PROBLEM REQUIREMENTS -
No record may be omitted; give all of them again exactly.

SOURCE INFORMATION -
>>>
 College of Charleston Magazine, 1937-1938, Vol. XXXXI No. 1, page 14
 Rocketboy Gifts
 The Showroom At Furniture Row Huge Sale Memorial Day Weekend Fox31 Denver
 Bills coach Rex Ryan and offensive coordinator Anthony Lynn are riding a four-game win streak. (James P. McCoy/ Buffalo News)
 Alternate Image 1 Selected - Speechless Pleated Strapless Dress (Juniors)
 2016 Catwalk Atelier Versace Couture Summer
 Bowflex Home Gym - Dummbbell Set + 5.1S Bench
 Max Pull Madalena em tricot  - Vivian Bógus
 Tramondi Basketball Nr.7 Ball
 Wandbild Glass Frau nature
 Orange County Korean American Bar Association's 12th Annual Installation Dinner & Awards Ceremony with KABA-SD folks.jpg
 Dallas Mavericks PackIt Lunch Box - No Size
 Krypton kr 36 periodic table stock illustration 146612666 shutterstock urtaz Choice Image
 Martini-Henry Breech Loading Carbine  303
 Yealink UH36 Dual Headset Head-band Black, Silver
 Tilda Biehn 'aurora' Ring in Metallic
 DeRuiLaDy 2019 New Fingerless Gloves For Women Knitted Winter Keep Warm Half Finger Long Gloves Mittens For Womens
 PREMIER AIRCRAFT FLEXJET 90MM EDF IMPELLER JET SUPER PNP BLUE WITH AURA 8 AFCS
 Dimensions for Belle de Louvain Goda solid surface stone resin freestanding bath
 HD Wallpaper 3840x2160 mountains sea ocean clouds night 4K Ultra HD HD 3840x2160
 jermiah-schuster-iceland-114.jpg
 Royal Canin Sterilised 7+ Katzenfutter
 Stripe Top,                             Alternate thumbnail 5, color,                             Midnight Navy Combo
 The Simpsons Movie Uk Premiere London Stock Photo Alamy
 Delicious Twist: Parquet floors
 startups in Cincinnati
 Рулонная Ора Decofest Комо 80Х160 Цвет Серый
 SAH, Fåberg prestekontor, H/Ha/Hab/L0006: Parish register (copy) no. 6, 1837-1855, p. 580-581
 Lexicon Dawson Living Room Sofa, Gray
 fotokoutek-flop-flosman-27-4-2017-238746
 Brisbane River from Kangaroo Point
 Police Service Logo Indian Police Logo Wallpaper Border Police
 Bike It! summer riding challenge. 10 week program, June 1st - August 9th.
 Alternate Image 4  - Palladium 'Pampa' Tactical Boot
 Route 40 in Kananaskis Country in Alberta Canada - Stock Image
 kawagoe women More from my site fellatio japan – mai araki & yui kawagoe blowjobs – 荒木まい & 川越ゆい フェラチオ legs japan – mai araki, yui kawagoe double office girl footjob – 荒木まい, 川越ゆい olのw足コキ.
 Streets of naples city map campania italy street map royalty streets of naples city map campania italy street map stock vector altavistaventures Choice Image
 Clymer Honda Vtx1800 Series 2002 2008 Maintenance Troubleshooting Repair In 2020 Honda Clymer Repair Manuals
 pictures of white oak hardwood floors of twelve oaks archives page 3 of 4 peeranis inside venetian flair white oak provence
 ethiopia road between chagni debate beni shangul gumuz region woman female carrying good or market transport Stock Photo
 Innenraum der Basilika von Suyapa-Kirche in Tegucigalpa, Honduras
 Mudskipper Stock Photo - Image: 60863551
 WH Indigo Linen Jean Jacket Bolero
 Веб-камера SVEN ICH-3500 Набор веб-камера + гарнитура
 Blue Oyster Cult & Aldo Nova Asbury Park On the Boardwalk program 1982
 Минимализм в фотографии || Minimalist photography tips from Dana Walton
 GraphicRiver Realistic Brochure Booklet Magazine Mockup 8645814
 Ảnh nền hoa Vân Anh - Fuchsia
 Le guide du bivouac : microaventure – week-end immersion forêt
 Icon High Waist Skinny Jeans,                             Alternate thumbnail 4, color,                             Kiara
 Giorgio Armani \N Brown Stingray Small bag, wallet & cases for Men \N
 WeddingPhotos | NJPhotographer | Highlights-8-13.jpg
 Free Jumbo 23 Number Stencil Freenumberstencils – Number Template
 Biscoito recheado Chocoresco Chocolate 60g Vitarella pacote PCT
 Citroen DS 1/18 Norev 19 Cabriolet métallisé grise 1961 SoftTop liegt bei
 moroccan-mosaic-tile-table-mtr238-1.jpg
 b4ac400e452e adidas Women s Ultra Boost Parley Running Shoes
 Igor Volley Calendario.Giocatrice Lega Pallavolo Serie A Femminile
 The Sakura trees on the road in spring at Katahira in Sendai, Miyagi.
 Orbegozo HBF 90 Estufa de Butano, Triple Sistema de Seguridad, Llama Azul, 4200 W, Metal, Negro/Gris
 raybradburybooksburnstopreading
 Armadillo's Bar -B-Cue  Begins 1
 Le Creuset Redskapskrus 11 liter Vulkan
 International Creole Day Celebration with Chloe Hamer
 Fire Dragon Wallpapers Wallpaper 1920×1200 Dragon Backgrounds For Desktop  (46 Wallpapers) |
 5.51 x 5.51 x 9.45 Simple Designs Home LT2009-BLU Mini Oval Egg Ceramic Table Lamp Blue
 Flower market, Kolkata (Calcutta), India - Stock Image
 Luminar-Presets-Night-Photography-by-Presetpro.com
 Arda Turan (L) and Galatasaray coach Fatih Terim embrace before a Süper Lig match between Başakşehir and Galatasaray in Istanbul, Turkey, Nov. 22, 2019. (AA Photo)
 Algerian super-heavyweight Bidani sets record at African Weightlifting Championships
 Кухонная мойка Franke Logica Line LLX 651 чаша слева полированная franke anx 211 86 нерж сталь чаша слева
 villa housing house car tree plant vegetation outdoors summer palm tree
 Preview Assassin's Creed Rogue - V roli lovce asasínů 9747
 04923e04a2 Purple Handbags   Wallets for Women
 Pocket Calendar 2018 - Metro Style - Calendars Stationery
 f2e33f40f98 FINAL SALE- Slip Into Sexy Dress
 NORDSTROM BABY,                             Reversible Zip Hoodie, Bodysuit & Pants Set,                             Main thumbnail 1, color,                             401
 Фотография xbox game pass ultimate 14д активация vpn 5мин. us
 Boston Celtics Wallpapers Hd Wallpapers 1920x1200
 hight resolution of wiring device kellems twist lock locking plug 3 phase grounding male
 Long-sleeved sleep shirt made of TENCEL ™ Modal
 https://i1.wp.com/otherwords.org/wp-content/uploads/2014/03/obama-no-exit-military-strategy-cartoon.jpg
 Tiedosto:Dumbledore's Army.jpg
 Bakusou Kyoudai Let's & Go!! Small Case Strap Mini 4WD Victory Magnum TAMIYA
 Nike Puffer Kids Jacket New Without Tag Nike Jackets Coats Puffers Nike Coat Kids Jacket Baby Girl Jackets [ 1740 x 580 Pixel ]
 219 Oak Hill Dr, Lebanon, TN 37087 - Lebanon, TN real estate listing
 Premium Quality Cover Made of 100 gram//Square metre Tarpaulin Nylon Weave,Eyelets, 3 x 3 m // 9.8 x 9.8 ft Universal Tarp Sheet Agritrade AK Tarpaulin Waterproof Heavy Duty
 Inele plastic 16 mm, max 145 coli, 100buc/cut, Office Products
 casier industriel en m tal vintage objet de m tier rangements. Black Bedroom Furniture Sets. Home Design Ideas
<<<
WRITTEN RESPONSE -
 College of Charleston Magazine, 1937-1938, Vol. XXXXI No. 1, page 14
 Rocketboy Gifts
 The Showroom At Furniture Row Huge Sale Memorial Day Weekend Fox31 Denver
 Bills coach Rex Ryan and offensive coordinator Anthony Lynn are riding a four-game win streak. (James P. McCoy/ Buffalo News)
 Alternate Image 1 Selected - Speechless Pleated Strapless Dress (Juniors)
 2016 Catwalk Atelier Versace Couture Summer
 Bowflex Home Gym - Dummbbell Set + 5.1S Bench
 Max Pull Madalena em tricot  - Vivian Bógus
 Tramondi Basketball Nr.7 Ball
 Wandbild Glass Frau nature
 Orange County Korean American Bar Association's 12th Annual Installation Dinner & Awards Ceremony with KABA-SD folks.jpg
 Dallas Mavericks PackIt Lunch Box - No Size
 Krypton kr 36 periodic table stock illustration 146612666 shutterstock urtaz Choice Image
 Martini-Henry Breech Loading Carbine  303
 Yealink UH36 Dual Headset Head-band Black, Silver
 Tilda Biehn 'aurora' Ring in Metallic
 DeRuiLaDy 2019 New Fingerless Gloves For Women Knitted Winter Keep Warm Half Finger Long Gloves Mittens For Womens
 PREMIER AIRCRAFT FLEXJET 90MM EDF IMPELLER JET SUPER PNP BLUE WITH AURA 8 AFCS
 Dimensions for Belle de Louvain Goda solid surface stone resin freestanding bath
 HD Wallpaper 3840x2160 mountains sea ocean clouds night 4K Ultra HD HD 3840x2160
 jermiah-schuster-iceland-114.jpg
 Royal Canin Sterilised 7+ Katzenfutter
 Stripe Top,                             Alternate thumbnail 5, color,                             Midnight Navy Combo
 The Simpsons Movie Uk Premiere London Stock Photo Alamy
 Delicious Twist: Parquet floors
 startups in Cincinnati
 Рулонная Ора Decofest Комо 80Х160 Цвет Серый
 SAH, Fåberg prestekontor, H/Ha/Hab/L0006: Parish register (copy) no. 6, 1837-1855, p. 580-581
 Lexicon Dawson Living Room Sofa, Gray
 fotokoutek-flop-flosman-27-4-2017-238746
 Brisbane River from Kangaroo Point
 Police Service Logo Indian Police Logo Wallpaper Border Police
 Bike It! summer riding challenge. 10 week program, June 1st - August 9th.
 Alternate Image 4  - Palladium 'Pampa' Tactical Boot
 Route 40 in Kananaskis Country in Alberta Canada - Stock Image
 kawagoe women More from my site fellatio japan – mai araki & yui kawagoe blowjobs – 荒木まい & 川越ゆい フェラチオ legs japan – mai araki, yui kawagoe double office girl footjob – 荒木まい, 川越ゆい olのw足コキ.
 Streets of naples city map campania italy street map royalty streets of naples city map campania italy street map stock vector altavistaventures Choice Image
 Clymer Honda Vtx1800 Series 2002 2008 Maintenance Troubleshooting Repair In 2020 Honda Clymer Repair Manuals
 pictures of white oak hardwood floors of twelve oaks archives page 3 of 4 peeranis inside venetian flair white oak provence
 ethiopia road between chagni debate beni shangul gumuz region woman female carrying good or market transport Stock Photo
 Innenraum der Basilika von Suyapa-Kirche in Tegucigalpa, Honduras
 Mudskipper Stock Photo - Image: 60863551
 WH Indigo Linen Jean Jacket Bolero
 Веб-камера SVEN ICH-3500 Набор веб-камера + гарнитура
 Blue Oyster Cult & Aldo Nova Asbury Park On the Boardwalk program 1982
 Минимализм в фотографии || Minimalist photography tips from Dana Walton
 GraphicRiver Realistic Brochure Booklet Magazine Mockup 8645814
 Ảnh nền hoa Vân Anh - Fuchsia
 Le guide du bivouac : microaventure – week-end immersion forêt
 Icon High Waist Skinny Jeans,                             Alternate thumbnail 4, color,                             Kiara
 Giorgio Armani \N Brown Stingray Small bag, wallet & cases for Men \N
 WeddingPhotos | NJPhotographer | Highlights-8-13.jpg
 Free Jumbo 23 Number Stencil Freenumberstencils – Number Template
 Biscoito recheado Chocoresco Chocolate 60g Vitarella pacote PCT
 Citroen DS 1/18 Norev 19 Cabriolet métallisé grise 1961 SoftTop liegt bei
 moroccan-mosaic-tile-table-mtr238-1.jpg
 b4ac400e452e adidas Women s Ultra Boost Parley Running Shoes
 Igor Volley Calendario.Giocatrice Lega Pallavolo Serie A Femminile
 The Sakura trees on the road in spring at Katahira in Sendai, Miyagi.
 Orbegozo HBF 90 Estufa de Butano, Triple Sistema de Seguridad, Llama Azul, 4200 W, Metal, Negro/Gris
 raybradburybooksburnstopreading
 Armadillo's Bar -B-Cue  Begins 1
 Le Creuset Redskapskrus 11 liter Vulkan
 International Creole Day Celebration with Chloe Hamer
 Fire Dragon Wallpapers Wallpaper 1920×1200 Dragon Backgrounds For Desktop  (46 Wallpapers) |
 5.51 x 5.51 x 9.45 Simple Designs Home LT2009-BLU Mini Oval Egg Ceramic Table Lamp Blue
 Flower market, Kolkata (Calcutta), India - Stock Image
 Luminar-Presets-Night-Photography-by-Presetpro.com
 Arda Turan (L) and Galatasaray coach Fatih Terim embrace before a Süper Lig match between Başakşehir and Galatasaray in Istanbul, Turkey, Nov. 22, 2019. (AA Photo)
 Algerian super-heavyweight Bidani sets record at African Weightlifting Championships
 Кухонная мойка Franke Logica Line LLX 651 чаша слева полированная franke anx 211 86 нерж сталь чаша слева
 villa housing house car tree plant vegetation outdoors summer palm tree
 Preview Assassin's Creed Rogue - V roli lovce asasínů 9747
 04923e04a2 Purple Handbags   Wallets for Women
 Pocket Calendar 2018 - Metro Style - Calendars Stationery
 f2e33f40f98 FINAL SALE- Slip Into Sexy Dress
 NORDSTROM BABY,                             Reversible Zip Hoodie, Bodysuit & Pants Set,                             Main thumbnail 1, color,                             401
 Фотография xbox game pass ultimate 14д активация vpn 5мин. us
 Boston Celtics Wallpapers Hd Wallpapers 1920x1200
 hight resolution of wiring device kellems twist lock locking plug 3 phase grounding male
 Long-sleeved sleep shirt made of TENCEL ™ Modal
 https://i1.wp.com/otherwords.org/wp-content/uploads/2014/03/obama-no-exit-military-strategy-cartoon.jpg
 Tiedosto:Dumbledore's Army.jpg
 Bakusou Kyoudai Let's & Go!! Small Case Strap Mini 4WD Victory Magnum TAMIYA
 Nike Puffer Kids Jacket New Without Tag Nike Jackets Coats Puffers Nike Coat Kids Jacket Baby Girl Jackets [ 1740 x 580 Pixel ]
 219 Oak Hill Dr, Lebanon, TN 37087 - Lebanon, TN real estate listing
 Premium Quality Cover Made of 100 gram//Square metre Tarpaulin Nylon Weave,Eyelets, 3 x 3 m // 9.8 x 9.8 ft Universal Tarp Sheet Agritrade AK Tarpaulin Waterproof Heavy Duty
 Inele plastic 16 mm, max 145 coli, 100buc/cut, Office Products
 casier industriel en m tal vintage objet de m tier rangements. Black Bedroom Furniture Sets. Home Design Ideas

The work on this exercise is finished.